Крестьянин и тинейджер (сборник)
Шрифт:
«…Ксюша, Ксюша, Ксюша, юбочка из плюша, рыжая коса, Ксюша, Ксюша, Ксюша, ты никого не слушай, поздно не гуляй» — слова дурацкой песенки, разбудившей его утром, как только в вагоне заработало радио, вольготно ликовали в нем, шипели пеной теплого прибоя и перекатывались в груди влажной морской галькой.
За окном вставало солнце Подмосковья, быстрыми всплесками хлестало по глазам, но глазам не было больно; названия станций, мелькавшие перед глазами, выстреливали острой радостью узнавания; ряды пристанционных елок, то и дело встающие за окном, томили своей густой и ровной зеленью; поезд шел быстро, нетерпеливо, наверстывая потерянное время, и сердце Геры стучало быстро и нетерпеливо,
Проводница разносила чай. Гера от чая отказался, сказав ей вслух:
— Спасибо, нет, — а про себя проговорив: «…нет, тетка, чай мне, да, не помешал бы, но это никакой не чай; я лучше подожду; ах, Ксюша, Ксюша, Ксюша; я буду пить сегодня настоящий чай; ах, юбочка из плюша; а может быть, начну не с чая; ах, Ксюша, Ксюша, Ксюша, рыжая коса; начну с хорошего и очень крепкого кофе; ах, Ксюша, Ксюша, Ксюша, ты никого не слушай и поздно не гуляй; с большущей кружки каппучино, а там посмотрим, там посмотрим, впереди весь день, весь чай, весь кофе, ну а ты, ах, ах, ты поздно не гуляй…».

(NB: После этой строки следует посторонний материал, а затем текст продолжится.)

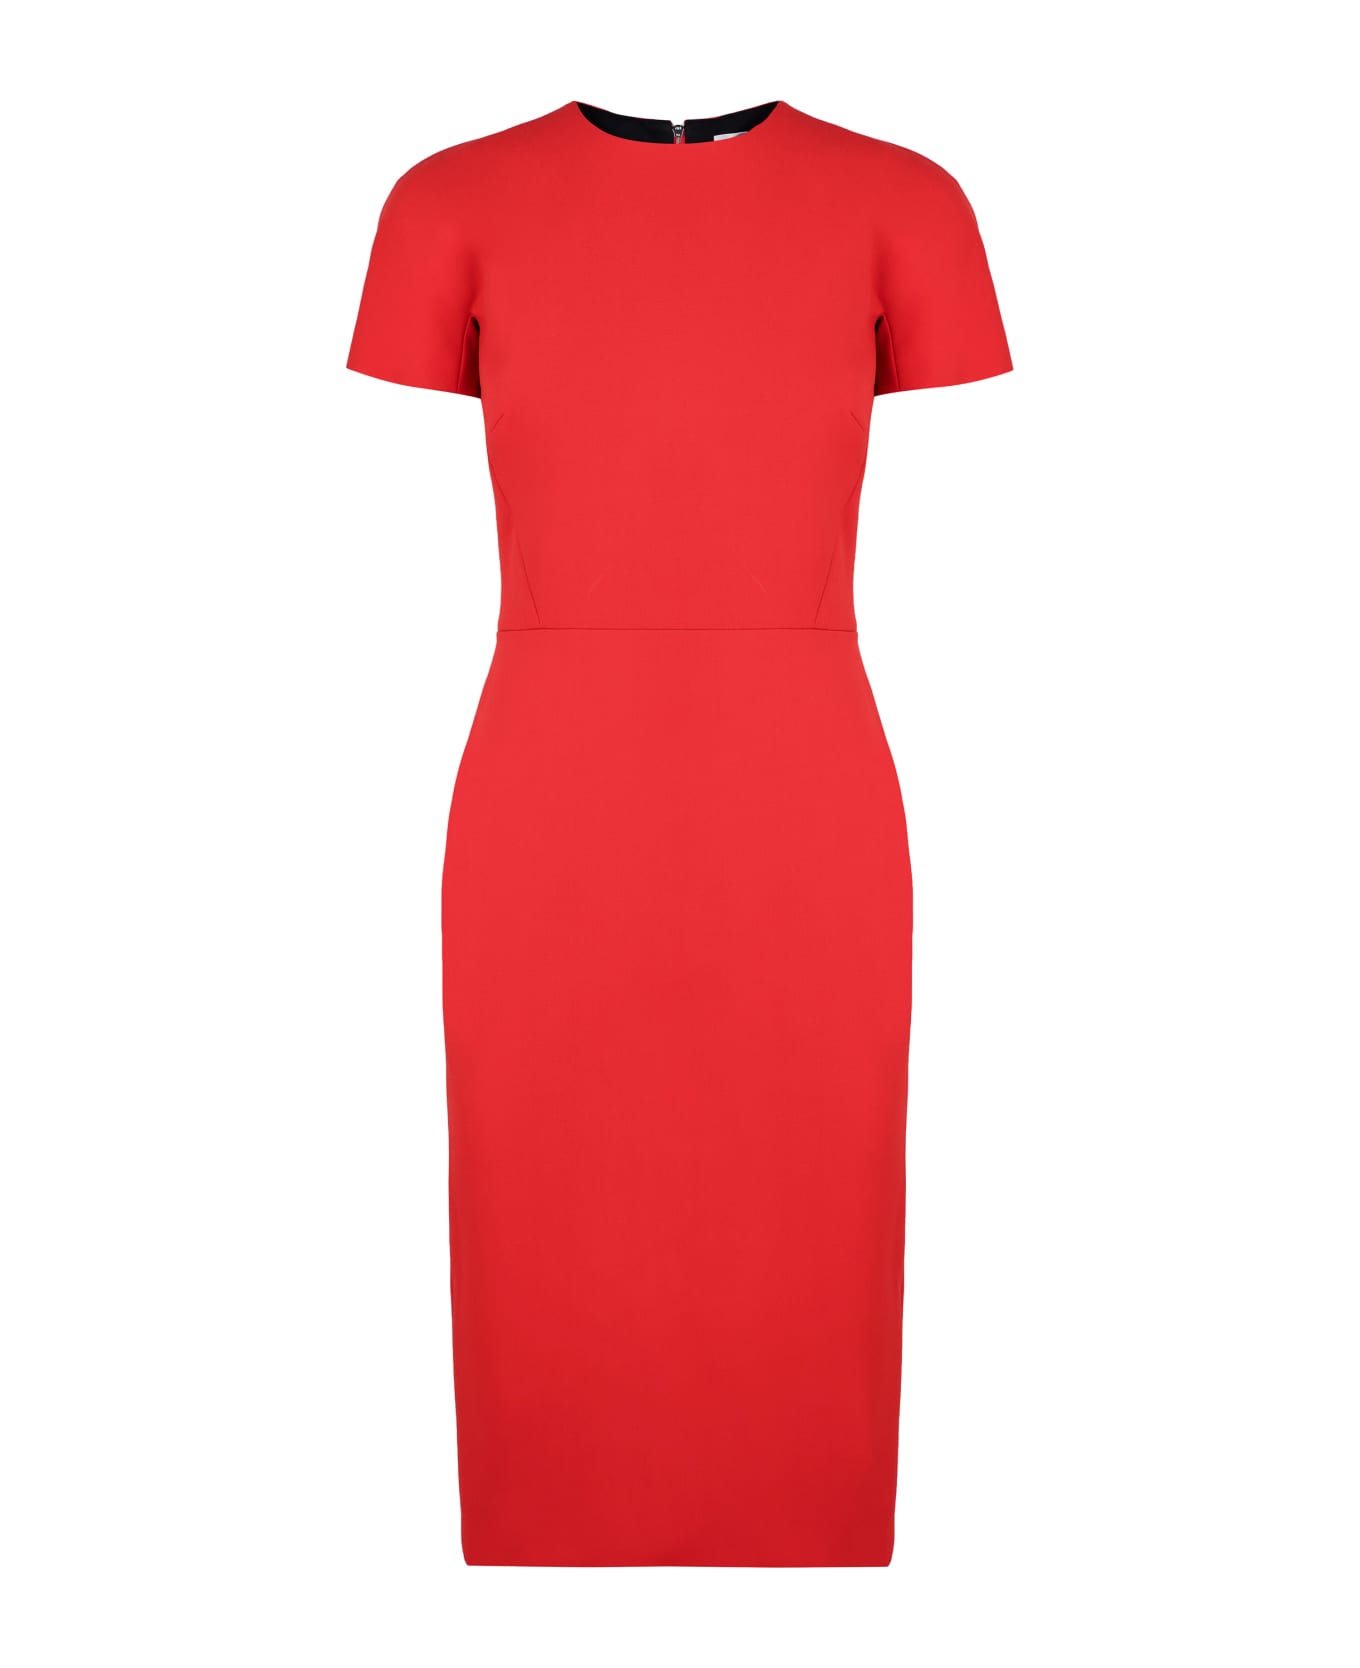 Victoria Beckham Sheath Dress - red

Радио не умолкало долго, выдавая песенку за песенкой, и Гера искренне пытался подпевать каждой из них, но дура Ксюша так вцепилась в слух, что никакая «джага-джага, мм… мм…» и никакое «…ты жуй-жуй свой орбит без сахара и вспоминай всех тех, о ком плакала» не смогло ее ни пересахарить, ни перемурлыкать.
Поезд мчал и мчал; нетерпение сменилось скукой; Гера задремал. Проснулся, когда его вагон уже плавно подплывал к платформе. Заторопился к выходу, подталкивая в спины скопившихся в проходе пассажиров.
А торопиться было некуда. Стрелки вокзальных часов указывали на половину двенадцатого дня — и, если это был обычный день, в чем Гера постарался себя убедить, Татьяна должна была вернуться на Лесную часам к девяти вечера. Бывало, возвращалась и к восьми, но никогда раньше. У Геры не было других забот, как убить восемь часов, и надо было хоть с чего-нибудь начать.
Он начал с неизбежного: дал поглотить себя толпе у входа в метрополитен; вместе с толпой был всосан в зев старинной станции и, вспоминая на ходу рефлексы коренного москвича, смог уберечься от немалого количества толчков, пинков и сжатий возле касс и перед эскалатором, но ото всех, отвыкнув от метро, не уберегся.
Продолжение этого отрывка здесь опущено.